■ Action item:
Beginning at the first line of the data, print each line exactly, stopping after the line that contains "Outdoorový kabát Alisi olivová KILLTEC".

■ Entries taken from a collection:

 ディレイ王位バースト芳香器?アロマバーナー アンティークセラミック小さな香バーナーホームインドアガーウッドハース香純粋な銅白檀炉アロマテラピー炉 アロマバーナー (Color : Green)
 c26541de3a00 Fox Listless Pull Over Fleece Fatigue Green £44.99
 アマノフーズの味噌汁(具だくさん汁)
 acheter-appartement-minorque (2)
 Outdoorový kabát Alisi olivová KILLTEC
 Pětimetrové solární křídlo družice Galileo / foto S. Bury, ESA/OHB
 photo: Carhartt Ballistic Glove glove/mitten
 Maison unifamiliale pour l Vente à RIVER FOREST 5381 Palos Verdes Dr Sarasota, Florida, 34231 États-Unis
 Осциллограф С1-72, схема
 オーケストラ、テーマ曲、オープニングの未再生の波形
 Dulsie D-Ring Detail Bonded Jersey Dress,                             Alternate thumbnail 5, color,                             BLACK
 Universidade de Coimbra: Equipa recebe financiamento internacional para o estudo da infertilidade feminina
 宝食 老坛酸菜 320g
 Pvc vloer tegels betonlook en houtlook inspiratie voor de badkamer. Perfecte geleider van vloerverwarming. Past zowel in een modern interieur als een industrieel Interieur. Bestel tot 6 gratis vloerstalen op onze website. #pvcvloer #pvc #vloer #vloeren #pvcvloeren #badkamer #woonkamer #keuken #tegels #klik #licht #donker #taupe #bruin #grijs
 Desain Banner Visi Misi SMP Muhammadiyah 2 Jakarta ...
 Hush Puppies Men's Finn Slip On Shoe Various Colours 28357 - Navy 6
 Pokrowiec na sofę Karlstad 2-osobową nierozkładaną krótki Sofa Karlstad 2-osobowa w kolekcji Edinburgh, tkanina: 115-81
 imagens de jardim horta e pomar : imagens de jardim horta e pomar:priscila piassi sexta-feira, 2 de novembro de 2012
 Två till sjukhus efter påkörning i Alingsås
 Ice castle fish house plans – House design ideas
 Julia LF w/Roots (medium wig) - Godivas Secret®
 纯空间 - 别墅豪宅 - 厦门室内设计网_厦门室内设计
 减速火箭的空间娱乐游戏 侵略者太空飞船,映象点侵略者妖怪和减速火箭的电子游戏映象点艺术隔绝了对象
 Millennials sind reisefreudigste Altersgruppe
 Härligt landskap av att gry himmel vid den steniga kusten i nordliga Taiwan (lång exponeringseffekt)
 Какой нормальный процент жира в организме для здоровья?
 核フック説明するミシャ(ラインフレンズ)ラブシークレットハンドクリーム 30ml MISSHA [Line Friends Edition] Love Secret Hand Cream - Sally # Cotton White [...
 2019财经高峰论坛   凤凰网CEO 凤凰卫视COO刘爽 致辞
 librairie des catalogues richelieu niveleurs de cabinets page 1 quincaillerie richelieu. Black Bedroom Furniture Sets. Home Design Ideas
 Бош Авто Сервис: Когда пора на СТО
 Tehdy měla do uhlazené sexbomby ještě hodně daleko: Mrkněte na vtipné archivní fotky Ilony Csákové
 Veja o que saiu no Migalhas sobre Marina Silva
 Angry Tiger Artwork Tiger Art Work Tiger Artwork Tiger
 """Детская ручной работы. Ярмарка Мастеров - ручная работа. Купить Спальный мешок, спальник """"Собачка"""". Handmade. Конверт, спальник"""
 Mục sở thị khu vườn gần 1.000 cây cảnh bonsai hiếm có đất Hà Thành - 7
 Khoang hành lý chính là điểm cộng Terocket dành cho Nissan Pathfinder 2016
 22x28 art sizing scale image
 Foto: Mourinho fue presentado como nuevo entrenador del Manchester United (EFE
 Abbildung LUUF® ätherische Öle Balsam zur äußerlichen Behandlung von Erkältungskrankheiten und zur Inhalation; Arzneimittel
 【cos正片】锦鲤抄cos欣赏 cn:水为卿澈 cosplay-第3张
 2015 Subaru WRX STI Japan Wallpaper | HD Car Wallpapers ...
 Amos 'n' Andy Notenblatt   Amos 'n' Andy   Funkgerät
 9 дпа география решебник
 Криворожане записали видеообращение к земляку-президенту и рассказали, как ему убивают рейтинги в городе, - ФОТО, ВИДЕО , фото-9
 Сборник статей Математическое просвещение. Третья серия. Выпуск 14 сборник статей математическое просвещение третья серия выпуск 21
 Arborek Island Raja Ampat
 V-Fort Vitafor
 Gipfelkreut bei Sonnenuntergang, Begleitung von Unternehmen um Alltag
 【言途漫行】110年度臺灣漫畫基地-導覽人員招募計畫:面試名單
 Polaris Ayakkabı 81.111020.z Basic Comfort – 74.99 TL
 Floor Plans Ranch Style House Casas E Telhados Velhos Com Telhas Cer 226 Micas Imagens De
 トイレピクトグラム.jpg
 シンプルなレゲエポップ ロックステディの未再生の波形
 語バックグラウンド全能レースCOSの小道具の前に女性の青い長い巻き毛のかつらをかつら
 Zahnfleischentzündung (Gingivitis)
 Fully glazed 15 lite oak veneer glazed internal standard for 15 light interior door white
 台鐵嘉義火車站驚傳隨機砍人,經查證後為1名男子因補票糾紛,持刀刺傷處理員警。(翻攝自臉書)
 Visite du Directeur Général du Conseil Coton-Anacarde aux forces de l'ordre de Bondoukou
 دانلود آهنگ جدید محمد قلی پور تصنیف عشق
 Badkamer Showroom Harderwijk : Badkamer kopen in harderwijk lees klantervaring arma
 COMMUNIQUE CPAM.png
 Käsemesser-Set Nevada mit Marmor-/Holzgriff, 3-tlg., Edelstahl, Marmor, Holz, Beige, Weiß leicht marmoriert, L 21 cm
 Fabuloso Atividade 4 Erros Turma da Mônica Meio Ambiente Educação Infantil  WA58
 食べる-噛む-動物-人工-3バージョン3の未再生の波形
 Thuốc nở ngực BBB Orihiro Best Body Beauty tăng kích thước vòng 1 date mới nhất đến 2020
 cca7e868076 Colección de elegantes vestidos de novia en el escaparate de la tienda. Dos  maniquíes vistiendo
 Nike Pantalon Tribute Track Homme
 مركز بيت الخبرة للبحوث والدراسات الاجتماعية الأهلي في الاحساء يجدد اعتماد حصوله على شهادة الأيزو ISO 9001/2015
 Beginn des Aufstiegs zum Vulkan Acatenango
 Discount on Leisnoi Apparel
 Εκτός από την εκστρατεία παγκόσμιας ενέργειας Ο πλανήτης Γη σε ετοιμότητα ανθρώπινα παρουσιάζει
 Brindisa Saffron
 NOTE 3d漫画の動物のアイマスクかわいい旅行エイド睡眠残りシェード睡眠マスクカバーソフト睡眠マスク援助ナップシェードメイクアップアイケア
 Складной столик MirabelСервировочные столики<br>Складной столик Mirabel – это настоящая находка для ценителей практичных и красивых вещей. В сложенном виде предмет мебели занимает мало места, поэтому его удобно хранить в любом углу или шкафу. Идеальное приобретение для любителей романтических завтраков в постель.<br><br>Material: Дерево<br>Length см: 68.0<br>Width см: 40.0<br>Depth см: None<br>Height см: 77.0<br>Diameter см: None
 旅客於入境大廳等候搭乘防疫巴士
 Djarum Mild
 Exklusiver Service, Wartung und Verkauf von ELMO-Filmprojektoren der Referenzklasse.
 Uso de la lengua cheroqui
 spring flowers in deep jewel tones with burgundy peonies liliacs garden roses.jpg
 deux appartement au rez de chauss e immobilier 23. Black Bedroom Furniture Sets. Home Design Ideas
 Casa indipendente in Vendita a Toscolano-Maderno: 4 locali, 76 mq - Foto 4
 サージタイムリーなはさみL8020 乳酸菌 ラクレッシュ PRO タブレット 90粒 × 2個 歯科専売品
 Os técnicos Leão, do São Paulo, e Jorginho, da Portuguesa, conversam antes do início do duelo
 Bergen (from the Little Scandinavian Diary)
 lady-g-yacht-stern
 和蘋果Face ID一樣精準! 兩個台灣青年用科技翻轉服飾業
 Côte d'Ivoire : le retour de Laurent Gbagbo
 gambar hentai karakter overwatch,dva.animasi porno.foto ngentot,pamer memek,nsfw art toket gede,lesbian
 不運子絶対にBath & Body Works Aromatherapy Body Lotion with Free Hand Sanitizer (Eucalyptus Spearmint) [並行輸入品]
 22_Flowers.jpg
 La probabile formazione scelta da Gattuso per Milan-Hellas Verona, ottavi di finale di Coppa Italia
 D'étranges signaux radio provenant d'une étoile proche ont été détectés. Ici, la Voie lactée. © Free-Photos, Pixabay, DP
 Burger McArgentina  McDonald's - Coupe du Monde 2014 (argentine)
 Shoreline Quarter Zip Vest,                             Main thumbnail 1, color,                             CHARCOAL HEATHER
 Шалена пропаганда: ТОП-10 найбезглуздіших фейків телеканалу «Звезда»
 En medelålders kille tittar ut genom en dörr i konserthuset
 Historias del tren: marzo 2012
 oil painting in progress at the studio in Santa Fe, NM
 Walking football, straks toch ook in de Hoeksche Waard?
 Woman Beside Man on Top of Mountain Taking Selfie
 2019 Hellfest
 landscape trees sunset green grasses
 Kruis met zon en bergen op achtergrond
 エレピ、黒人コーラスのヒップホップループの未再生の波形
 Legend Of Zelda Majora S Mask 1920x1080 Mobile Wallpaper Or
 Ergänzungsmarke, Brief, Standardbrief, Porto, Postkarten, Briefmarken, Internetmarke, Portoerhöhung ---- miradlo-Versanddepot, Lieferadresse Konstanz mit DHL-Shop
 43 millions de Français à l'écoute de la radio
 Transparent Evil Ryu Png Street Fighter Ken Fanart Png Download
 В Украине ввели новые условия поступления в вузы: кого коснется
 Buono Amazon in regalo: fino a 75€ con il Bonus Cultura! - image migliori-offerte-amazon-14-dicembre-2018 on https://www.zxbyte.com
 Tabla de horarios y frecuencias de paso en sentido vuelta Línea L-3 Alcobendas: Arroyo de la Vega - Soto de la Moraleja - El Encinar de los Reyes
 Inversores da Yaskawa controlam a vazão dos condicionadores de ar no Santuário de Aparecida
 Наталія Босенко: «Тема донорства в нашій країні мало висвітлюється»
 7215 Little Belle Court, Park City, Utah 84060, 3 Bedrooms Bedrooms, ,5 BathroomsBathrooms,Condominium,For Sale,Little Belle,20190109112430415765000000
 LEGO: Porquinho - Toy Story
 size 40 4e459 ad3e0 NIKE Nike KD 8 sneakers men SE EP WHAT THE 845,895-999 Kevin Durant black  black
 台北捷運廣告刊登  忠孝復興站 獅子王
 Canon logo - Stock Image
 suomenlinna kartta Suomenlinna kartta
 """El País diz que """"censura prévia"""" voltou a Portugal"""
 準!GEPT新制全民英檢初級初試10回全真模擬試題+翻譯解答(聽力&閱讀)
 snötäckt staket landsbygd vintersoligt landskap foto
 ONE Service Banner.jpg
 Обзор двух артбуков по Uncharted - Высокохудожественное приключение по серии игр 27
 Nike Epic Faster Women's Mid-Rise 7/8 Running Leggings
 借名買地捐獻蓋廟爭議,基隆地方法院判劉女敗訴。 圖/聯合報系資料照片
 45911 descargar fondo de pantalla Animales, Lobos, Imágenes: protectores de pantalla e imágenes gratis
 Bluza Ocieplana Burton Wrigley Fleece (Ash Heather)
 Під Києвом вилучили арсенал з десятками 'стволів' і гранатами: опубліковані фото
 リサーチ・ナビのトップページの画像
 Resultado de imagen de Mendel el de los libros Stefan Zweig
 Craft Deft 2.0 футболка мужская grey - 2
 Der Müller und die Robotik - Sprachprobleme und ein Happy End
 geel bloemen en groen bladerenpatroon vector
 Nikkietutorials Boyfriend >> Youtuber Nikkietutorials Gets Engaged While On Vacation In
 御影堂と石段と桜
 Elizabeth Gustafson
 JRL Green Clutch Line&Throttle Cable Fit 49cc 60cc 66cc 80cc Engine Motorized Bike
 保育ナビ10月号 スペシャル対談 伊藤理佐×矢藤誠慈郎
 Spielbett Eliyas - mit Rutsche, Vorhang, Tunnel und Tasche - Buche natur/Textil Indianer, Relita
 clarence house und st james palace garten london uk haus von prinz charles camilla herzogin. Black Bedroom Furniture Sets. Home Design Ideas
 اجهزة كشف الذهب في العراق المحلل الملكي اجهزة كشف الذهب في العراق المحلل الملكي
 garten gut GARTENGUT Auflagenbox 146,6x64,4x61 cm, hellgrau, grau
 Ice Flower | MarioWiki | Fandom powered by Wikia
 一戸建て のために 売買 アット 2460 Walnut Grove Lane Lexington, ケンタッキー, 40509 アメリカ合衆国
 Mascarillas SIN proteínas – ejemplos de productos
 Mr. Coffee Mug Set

■ Exercise solution:
 ディレイ王位バースト芳香器?アロマバーナー アンティークセラミック小さな香バーナーホームインドアガーウッドハース香純粋な銅白檀炉アロマテラピー炉 アロマバーナー (Color : Green)
 c26541de3a00 Fox Listless Pull Over Fleece Fatigue Green £44.99
 アマノフーズの味噌汁(具だくさん汁)
 acheter-appartement-minorque (2)
 Outdoorový kabát Alisi olivová KILLTEC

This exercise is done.